February 24th, 2010 | 3:55 pm | #79
“Some might. Especially if he’s preaching on the Doctrine of Origins and preaching theistic evolution.”
true
February 24th, 2010 | 4:27 pm | #80
Dear Reformed Guy: The choices are not either “attack science” or “be of the world.”
swing & a miss. who said it was? point is that the evolution view is a view of popular culture.
February 24th, 2010 | 5:20 pm | #81
“Never said it was.
Don’t wrongfully impute what was never said.”
“swing & a miss. who said it was?”
There’s a useful phrase that’s been floating around the Evangel blog for a while: “passive-aggressive codswallop.”
At any rate, you guys win. Sometimes sheer fatigue sets in.
J. Sowin, thanks for the original post. You described a journey many of us have been through.
February 24th, 2010 | 5:45 pm | #82
I recently decided to start actually reading the Bible, beginning with Genesis. I had read somewhere that the Bible was the inerrant word of God, but now I get the impression that a significant number of Christians consider some parts to be more metaphorical, allegorical, or figurative than others. (I suppose the rest should be considered literal or historical.) I’m not saying something inerrant can’t be figurative, it’s just not what I initially assumed.
Is there a book or online resource I can refer to as a guide to what parts are considered figurative by most Christians today? I’d rather not try to wrap my head around literal interpretations of everything if there’s no need to.
February 24th, 2010 | 7:19 pm | #83
And now the thread has officially become absurd.
Anonymous “Reformed Guy,” you are either profoundly misinformed, delusional, or contumacious if you actually believe what you wrote:
I don’t know about the abstraction ‘Christianity’, but if groups like the SBC, the LCMS and other confessional Lutherans, the EVFree, pentecostals, the PCA and the other confessional Reformed, are all actual denominations of the genus Christianity, then a significant population of Christianity has not accepted evolution. Quite the contrary. The LCMS, for example, has YEC as a point of dogma. You must believe YEC is true to be ordained by them, and no other view of origins is taught. Rev. McCain can correct me if I’m wrong.
“Christians would never prevent a faithful brother from preaching just b/c of his views on evolution.” As one of the more recent blog posts declares: reality is what faces you when you’re wrong.
What is bizarre is why you would even believe this. Please alert the vast majority (75%) of evangelical protestants that they are no longer Christians because they prevent people who think evolution is true from teaching and preaching. They didn’t get that memo.
For anyone not amused by comments that merely throw mud in the air, have a look at the Pew Forum study that compared religions to belief about evolution. Only 24% of evangelical protestants agreed that evolution is the best explanation for the origins of human life on earth. Only LDS and JW had more evolution skeptics.

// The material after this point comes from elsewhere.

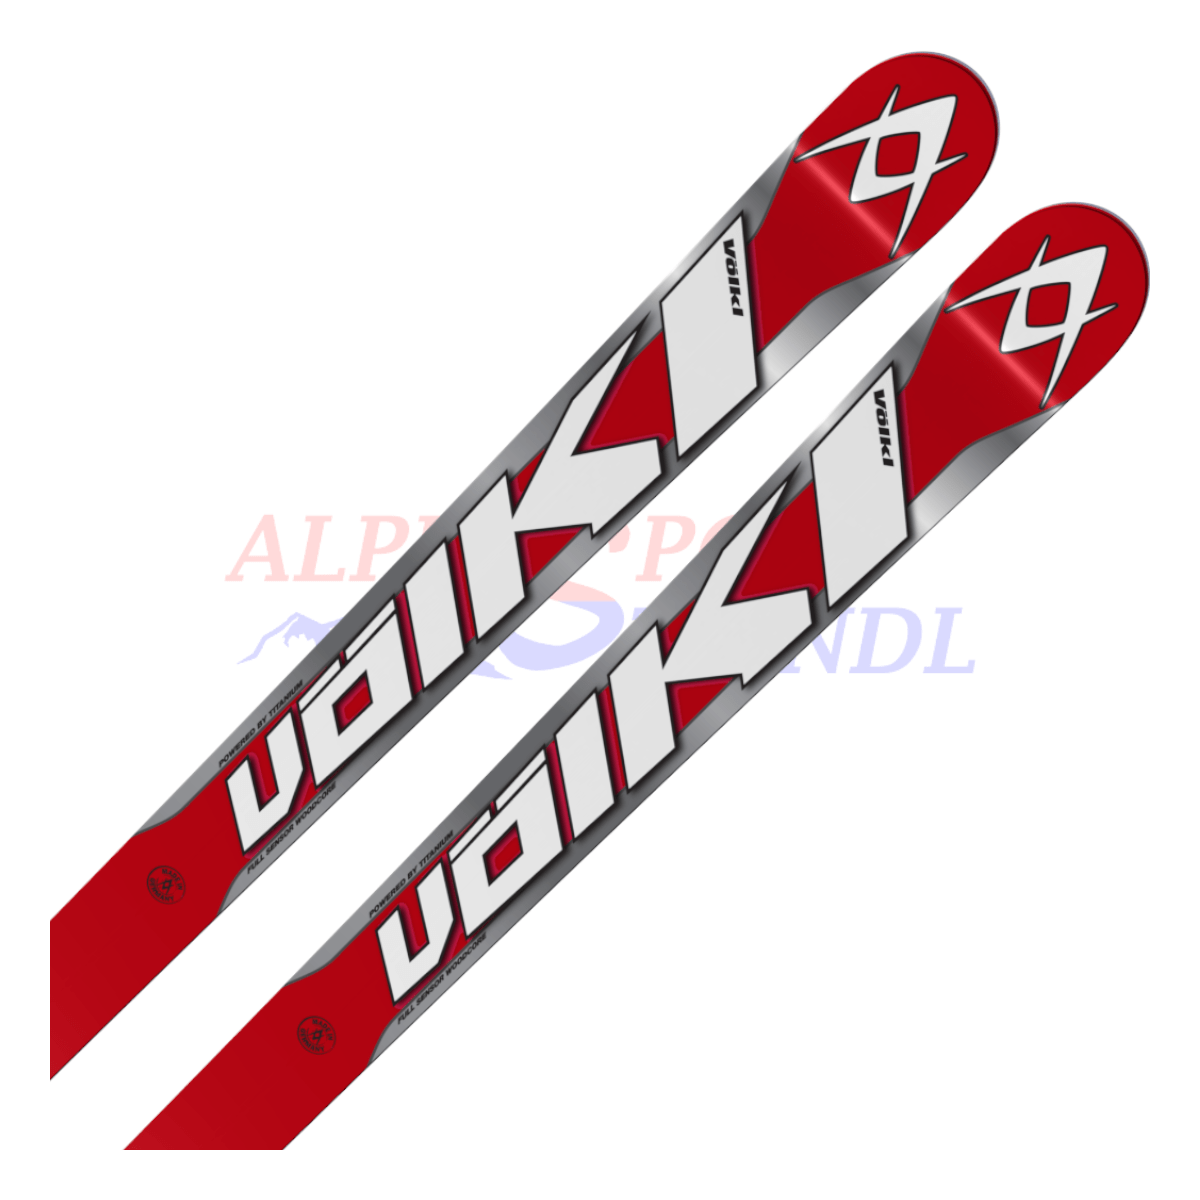 Völkl Racetiger Super-G aus dem Jahre 2013/14 in der Farbe Rot-Silber, Ansicht des oberen Teils des Skis

February 24th, 2010 | 7:27 pm | #84
Joel Hunter: “Only 24% of evangelical protestants agreed that evolution is the best explanation for the origins of human life on earth. Only LDS and JW had more evolution skeptics.”
Wow! 24% is too high! That’s just too much harmful leaven.
February 26th, 2010 | 3:23 pm | #85
For anyone quietly following this discussion who is interested in reading further, there is a group called the American Scientific Affiliation. They have a wonderful, content-rich website on the debate. The ASA has young-earth and old-earth creationists, theistic evolutionists, and intelligent design proponents who disagree graciously and provide a lot of food for thought from all sides.